Where is the most resistance in circulation ?
Peripheral ends of the arteriole tree. Site of most damage. Eye tests give good indication of vasculature
How do blood volume pathologies arise ? What happens to the internal disc lamina ?
Repetitive stress from HT changes to medial layer esp SM hypertrophy (tunica media) ^TPR and BP.
Internal disc lamina becomes reduplicated and interrupted. Hyaline degeneration -> glassy eosinophilic material ^ -> rigidity.
How would fibroid necrosis in an artery look histologically?
Wall is bright pink with dark neutrophils.
What is nephrosclerosis ?
Shrinking of glomerular BM (poor perfusion) , hypertrophic and hyaline depositions in afferent arterioles -> sclerosis. Tubes become ischaemic -> atrophy and fibrosis (nephrosclerosis).
Name a diuretic and give a + and - outcome of use ?
Chlorothiazide. Coexistant CCF adjunctive with other agents.
May cause electrolyte/metabolic ADRs and allergies.
What is the first stage of mx in HT?
Confirm persistant HT on multiple occasions. Modify reversible lifestyle fx. Investigate end organ damage (esp heart, kidney). Look at other vascular risk fx eg. plasma lipid profile. Screen for 2ndry HT causes.

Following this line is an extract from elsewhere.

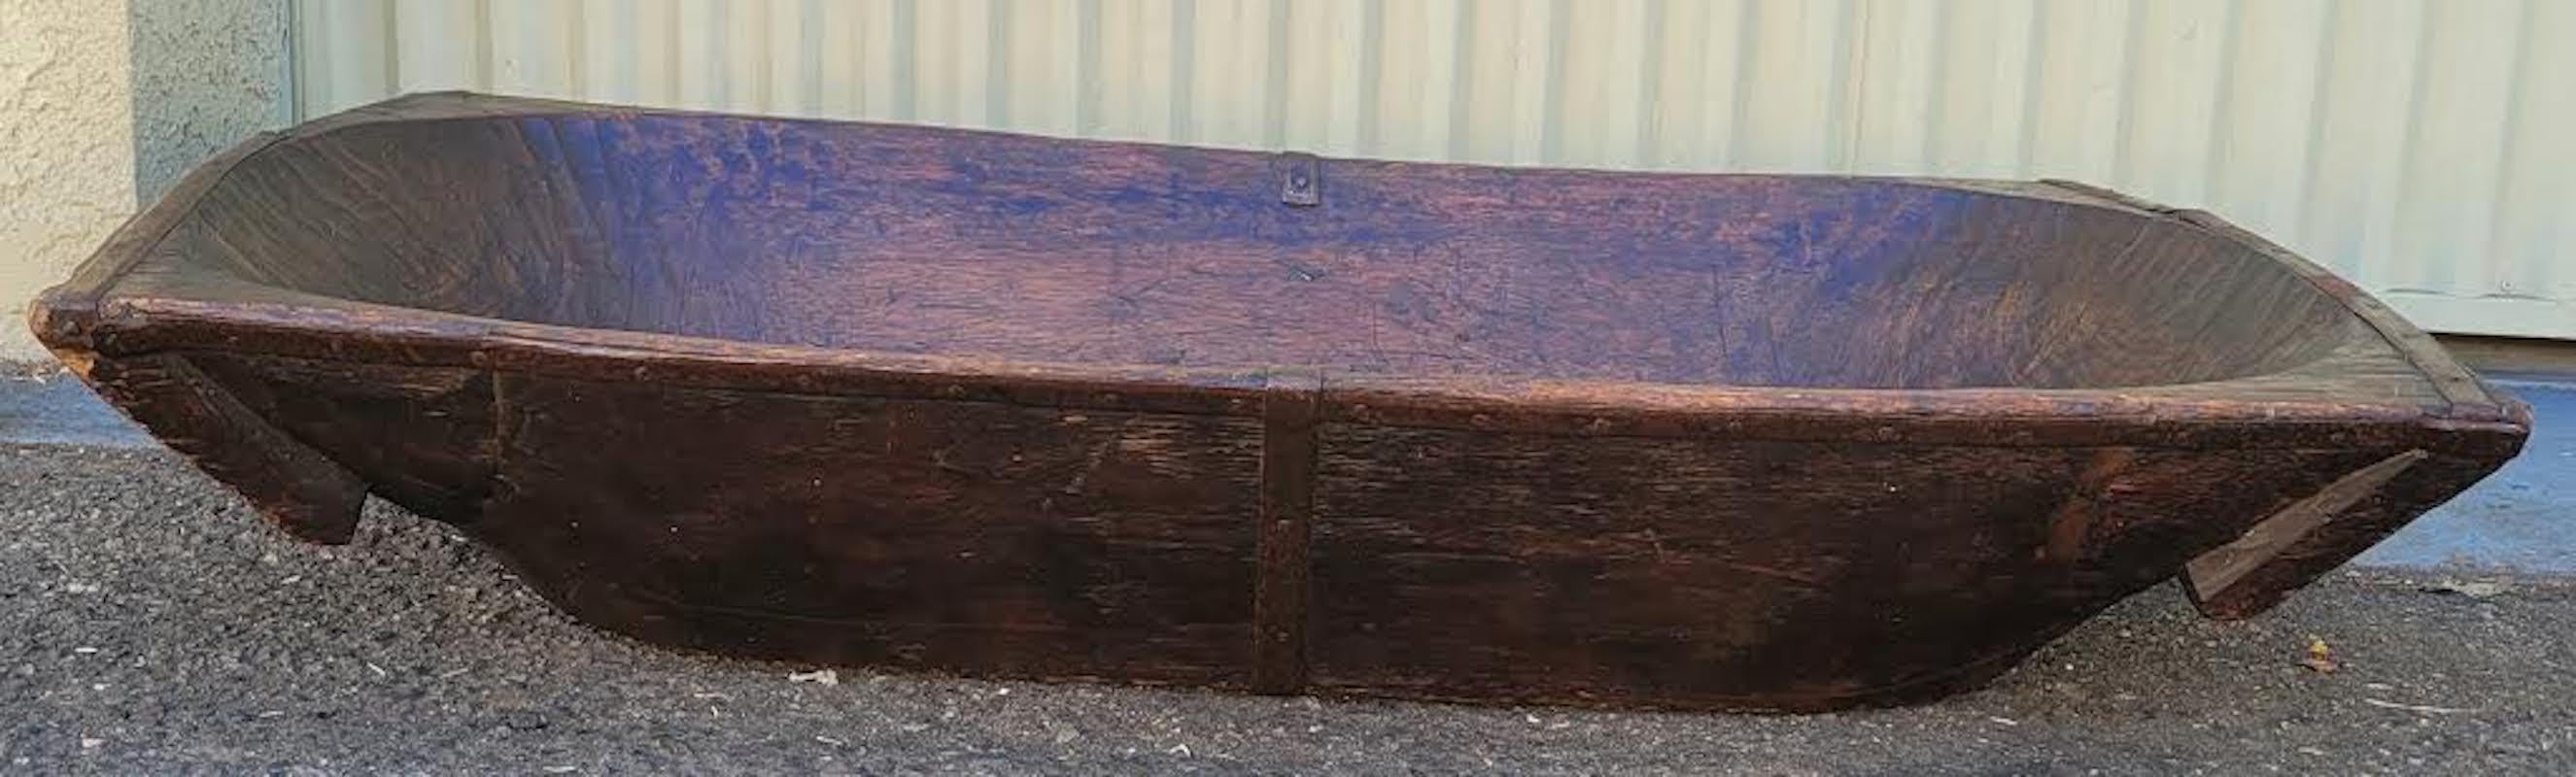 Country 18th C Monumental Farm Trough For Sale

What is renal parenchymal disease ?
Loss of vasodilation then retention of Na/H2O leading to ECF ^. Cause of secondary hypertension.
What is Conn’s syndrome ?
adrenal cortex tumour secretes aldosterone no matter regulation. -ve feedback on Renin (decreases) so aldosterone:renin ratio ^. Possible metabolic alkalosis.
What condition would show a normal aldosterone:renin ratio even though aldosterone has ^ ?

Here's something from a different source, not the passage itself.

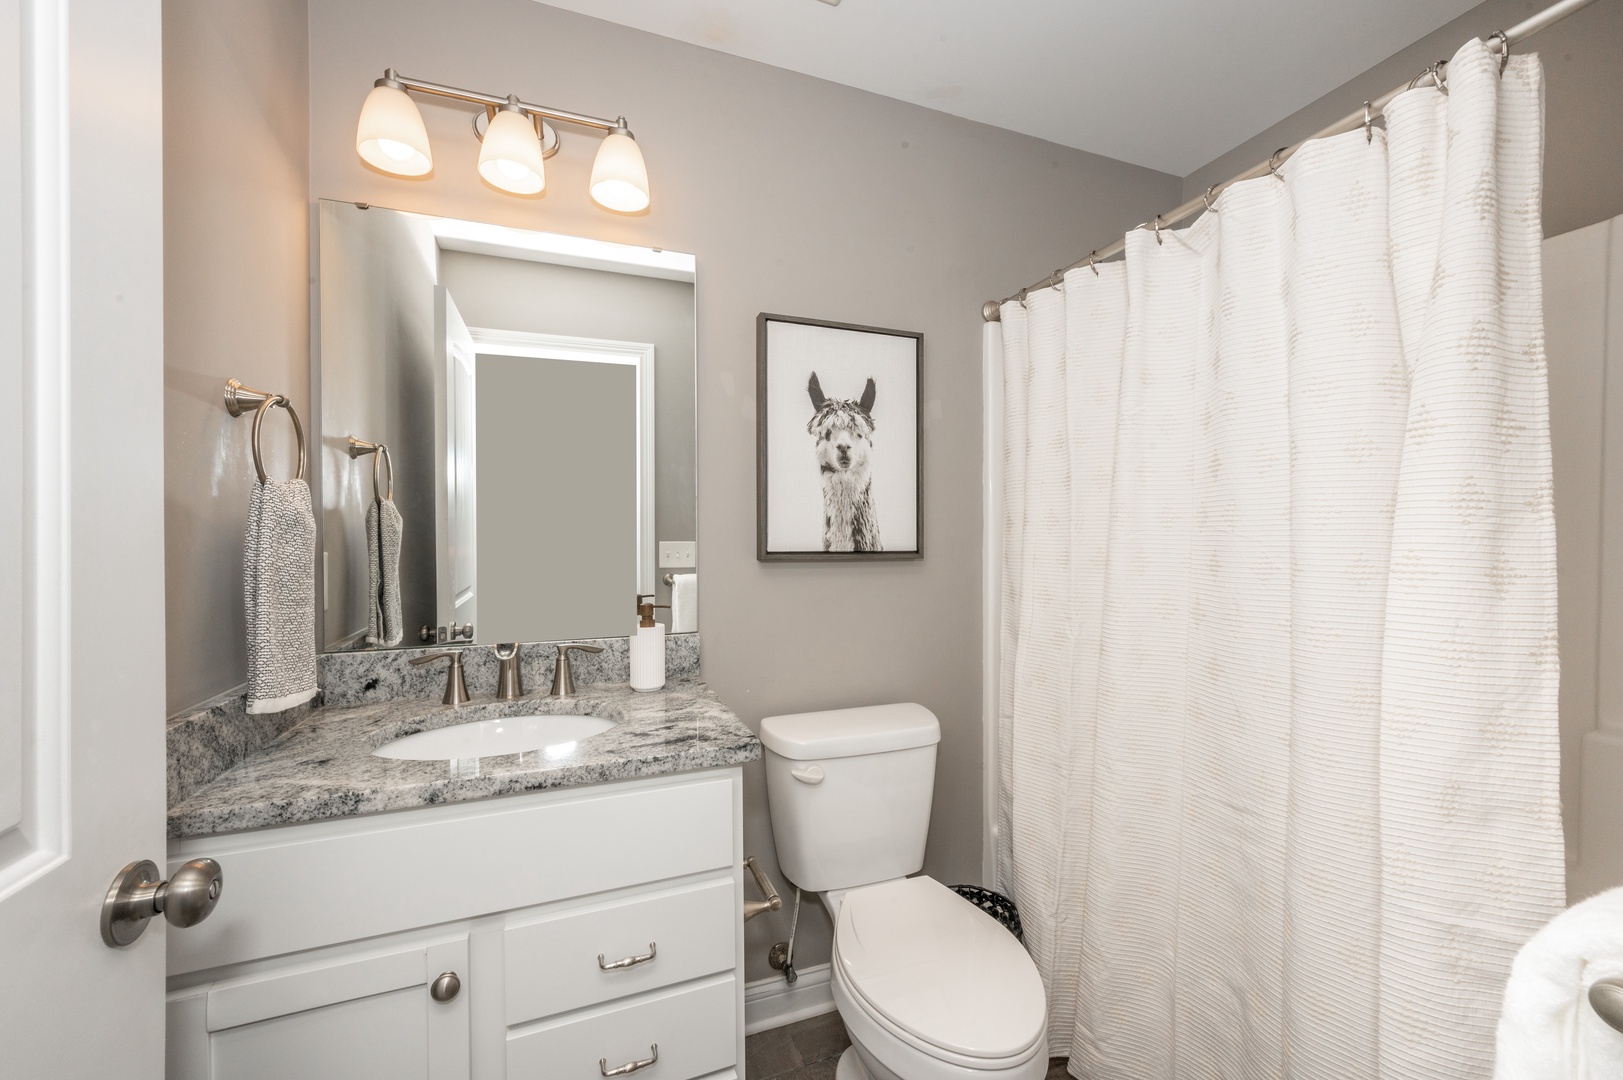 The main level full bathroom includes a single vanity & shower/tub combo

Coronary HF, ^aldosterone but no compensation so BP stays ^. RAAS stays active so ratio normal
What is adrenal medulla pheochromocytoma and how would you test for it ?
Adrenal tumour secreting catecholamines. BP spasms up and down quickly. 24 urine test recording catecholamine levels.
What is the difference between the renal parenchyma and the collecting system ?
Parenchyma, functioning kidney that filters blood and makes urine
Collecting system, urine produced by parenchyma then filtered moves urine out of kidney into ureter then into bladder
What is the outline of the Goldblatt experiment ?
clipped kidney hypoperfused (thinks BP down) so ^ renin -> vasoconstriction/BP^. Perfusion restored at higher BP.
Healthy kidney drops renin but no natriuretic response so Na not compensated (mystery). Intrarenal AT2 stays high in healthy kidney.
What are the 3 fundamental features of HF ?
Haemodynamic changes (^plasma vol to try ^CO) , Metabolic effects (decrease coronary flow, ^stress to myocardium) , neurohormonal changes
How is SV maintained through ‘compensation’ ?
Filling pressure increases. Vol ^ early in HF to ^preload and decrease CO.
How does the EDV change over time during compensation?
Over time hearts contractility decreases so EDV at rest ^ to compensate. Smaller window of compensation with exercise.
What is the cause of diastolic HF ?
delayed relaxation and impaired filling. Typically seen in px with cardiac hypertrophy.